## Statistics 200: Lab 9 (Friday 28 March 1997)

Analysis of variance and diagnostics.

The following data are taken from Box and Cox (1964), J. Royal Statistical Society B. They give the survival times in units of ten hours for experimental animals given various combinations of poison and treatment. Each poison (levels I, II, III) was administered to 4 animals for each treatment (levels A, B. C, D).

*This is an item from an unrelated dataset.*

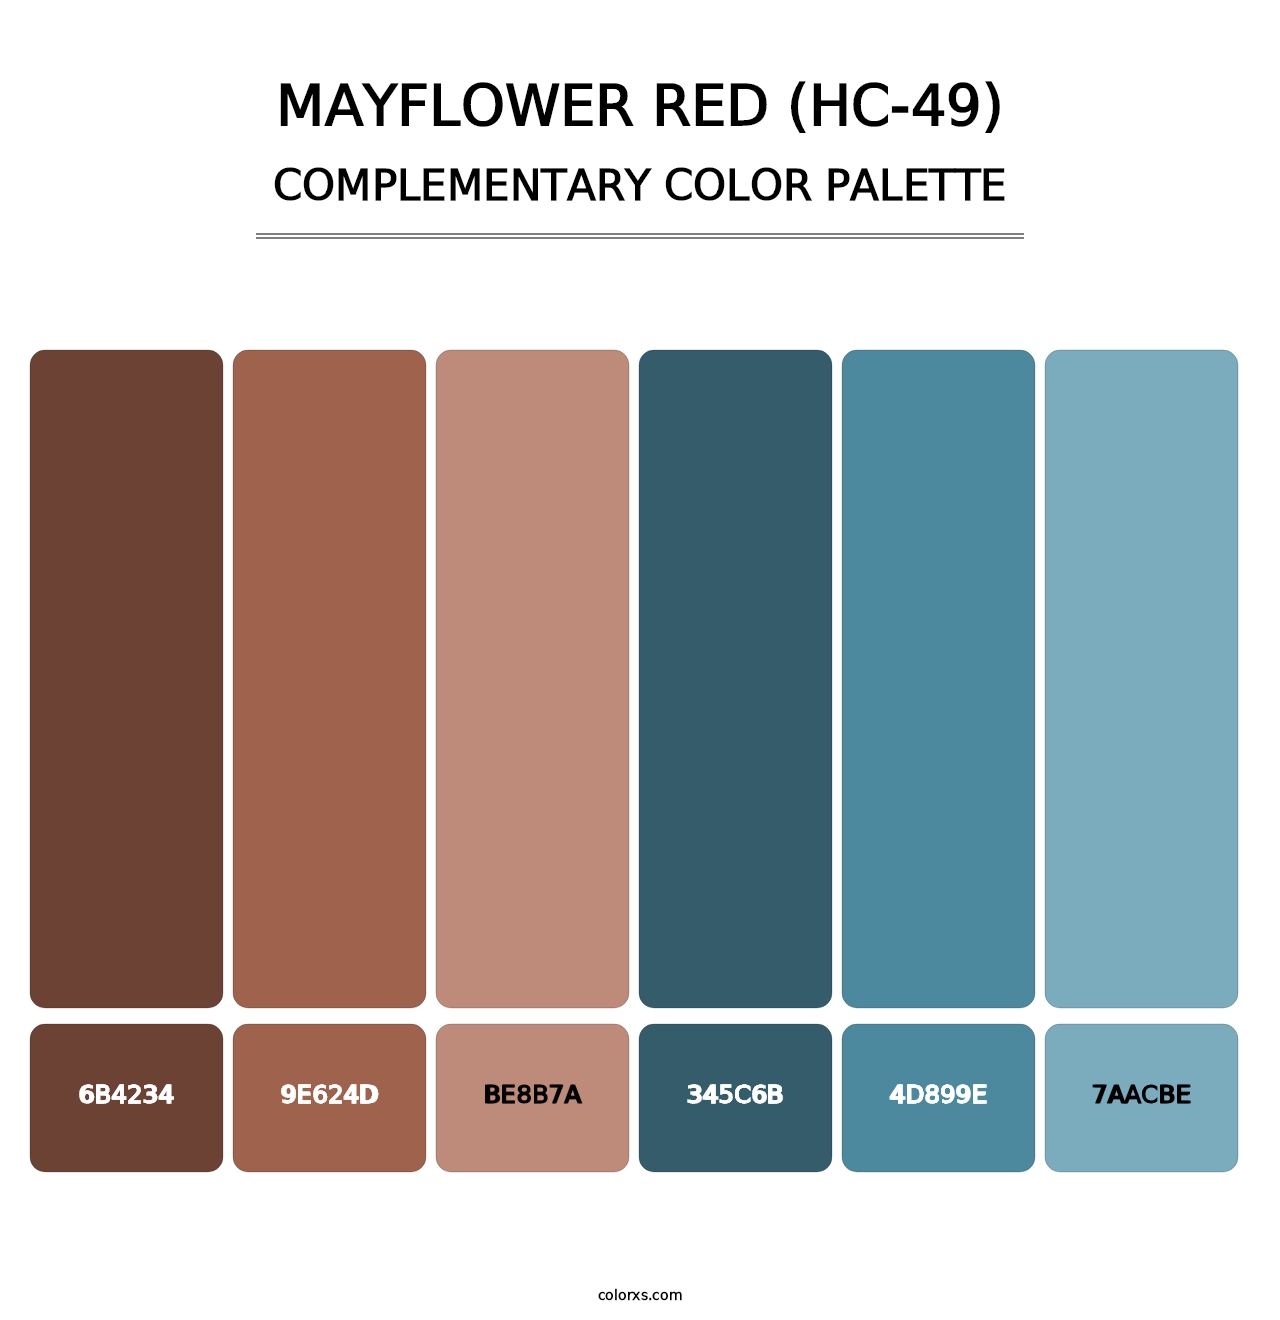 Mayflower Red (HC-49) - Complementary Color Palette

The four columns of the following array correspond to the four treatments.

```Poison I
.31	.82	.43	.45
.45	1.10	.45	.71
.46	.88	.63	.66
.43	.72	.76	.62

Poison II
.36	.92	.44	.56
.29	.61	.35	1.02
.40	.49	.31	.71
.23	1.24	.40	.38

Poison III
.22	.30	.23	.30
.21	.37	.25	.36
.18	.38	.24	.31
.23	.29	.22	.33
```
Remark: This is a famous example that is often used to demonstrate the effect of transformations.

#### Problem 1

Create a data frame 'boxcox' with 48 rows and 3 columns, with the survival time in the first column, a factor (with levels I, II, III) in the second column indicating the poison, and a factor (with levels A, B, C, D) in the third column indicating the treatment.
Hint: Save the data to a text file. Strip out the Poison labels. Use scan() to get the treatments into a vector. Use something like
```factor(rep(LETTERS[1:4],12))
```
to get the factors. Important: Check that your factors are lined up correctly with the survival times.

#### Problem 2

Try plot(), plot.factor(), interaction.plot() on the boxcox data. Make sure you understand what is produced. What do you learn about the dependence of survival times on treatment and poison?

#### Problem 2

Try
```bc1<-aov(survival~poison+treatment,boxcox)
```
The aov() function fits an additive model by least squares. If you (conceptually) rearrange survival into a three-way array SURVIVAL, indexed by treatments, poisons, and animals, then aov() is effectively finding vectors T.effect and P.effect to solve a least-squares problem:
```Decompose

SURVIVAL[treat,poison,k]
=  constant
+ T.effect[treat] + P.effect[poison]
+ residual[treat,poison,k]
for
treat = A, B, C, D
poison = I, II, III
k = animals 1,2,3,4

so as to minimize sum(residual^2).
```
Of course you don't actually have to construct SURVIVAL explicitly--Splus does it all for you.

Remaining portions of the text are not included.